Far be it for a country bumpkin in Kentucky to understand the politics of racing in a place like New Jersey, but I try, and there are some things going on there that just do not make sense to this simple mind.
For example, the New Jersey Racing Commission recently sent a cease and desist letter to three out-of-state companies that accept pari-mutuel wagers from New Jersey residents via personal computer, whether via a closed-loop system or the Internet. Frank Zanzuccki, executive director of the commission, said the letter was sent after he received legal advice that it is against the law for New Jersey residents to place an online bet. The legal advice also concluded any company taking online wagers from a New Jersey resident also is violating the law. Nothing confusing about that.
The racing commission also was advised that the state constitution makes it illegal for New Jersey residents to place a bet by telephone. Likewise, Zanzuccki said, the commission was told that companies taking wagers by telephone from New Jersey residents also are in violation of the law. There are a number of tracks and off-track operators soliciting business in New Jersey, including the New York Racing Association, New York City OTB, Penn National, Ladbroke, and Philadelphia Park.
So far, however, the New Jersey commission has not sent a letter to any of the companies with account holders in New Jersey, even though Zanzuccki said, in no uncertain terms, it is against New Jersey law for those companies to accept telephone wagers from New Jersey residents.

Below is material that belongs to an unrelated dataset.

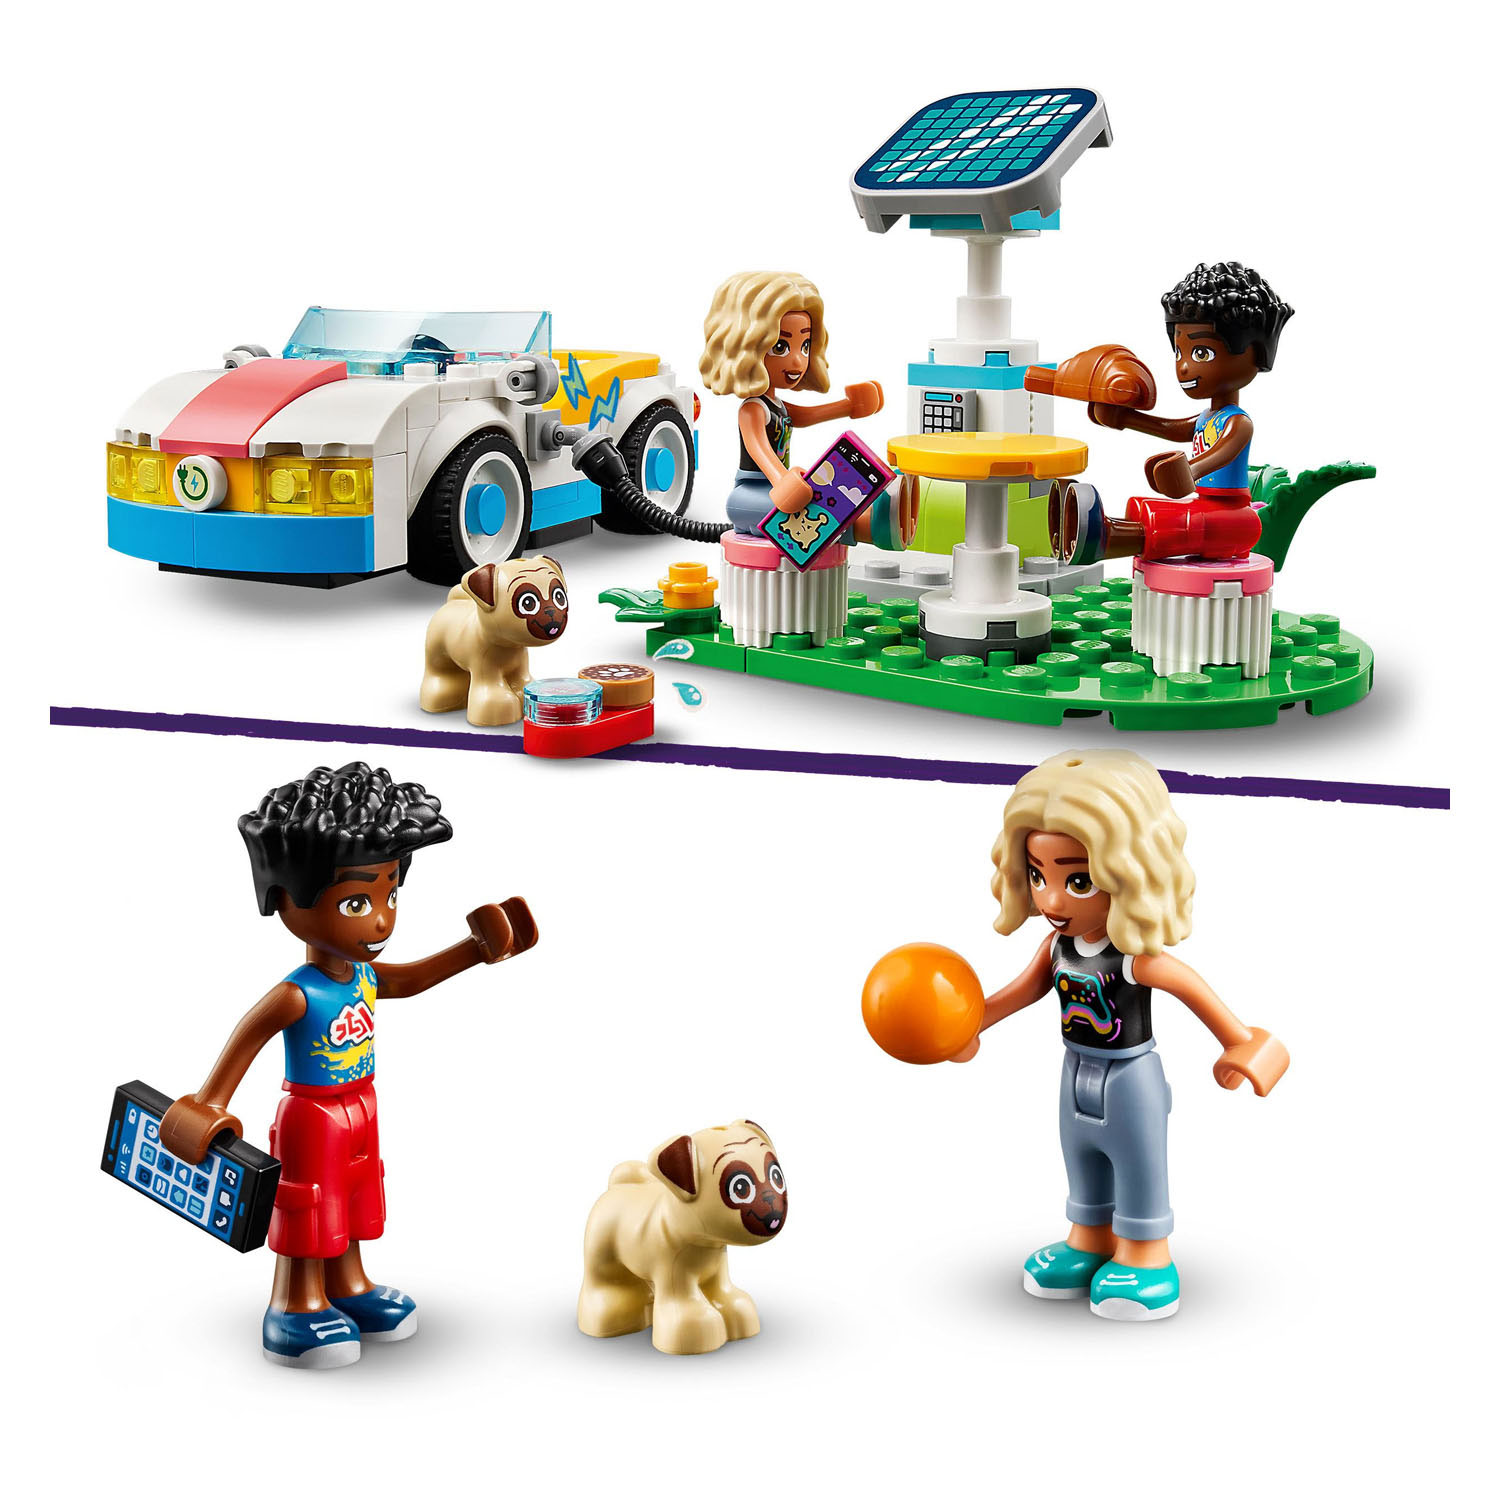 LEGO Friends 42609 Voiture électrique et point de recharge

No legislation was passed recently to make telephone and Internet wagering illegal, Zanzuccki said. The issue just came up when he said the racing commission "discovered" that some people residing in New Jersey were betting through Youbet.com, an online company that facilitates wagering through Ladbroke in Pennsylvania.
What's even more curious about this is that two of the out-of-state companies said to be violating the law by accepting telephone bets are licensed as racetrack operators by the New Jersey Racing Commission. Based in neighboring Pennsylvania, Greenwood Racing, owner of Philadelphia Park, is partners with Penn National in a venture known as Pennwood, which owns the Freehold harness track and leases Garden State Park. Pennwood asked the New Jersey commission for a live race meeting totaling just six days for Garden State Park in 2001, a request that was rejected. New Jersey horsemen have seen the number of live racing dates dwindle in recent years, and they opposed the Garden State application.

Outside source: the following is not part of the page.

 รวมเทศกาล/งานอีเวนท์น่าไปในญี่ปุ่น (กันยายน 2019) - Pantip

Why has the New Jersey Racing Commission allowed Penn National and Greenwood to hold a license to own or operate a racetrack if those operations are, in fact, violating state law?
Beyond the question of whether telephone betting by New Jersey residents is legal or not is the ethical issue of an out-of-state company poaching bets from another state's residents. Greenwood and Penn National are in position to exploit their presence in New Jersey. What is to stop Greenwood or Penn National from soliciting on-track customers at Freehold or Garden State to sign up for telephone wagering accounts?
New Jersey horsemen get no source market fees for bets made by New Jersey residents through an out-of-state telephone account. The only account wagering company to have a fair, structured method of sharing revenue with horsemen in the state where the bettor resides is the TV Games Network. Especially curious was the New Jersey legislation, passed last year and later vetoed, which contained a provision that would have made it virtually impossible for TVG to gain access to the state. It's no secret that TVG is an enemy of Greenwood and Penn National.
It makes a country bumpkin wonder: Who is running racing in New Jersey?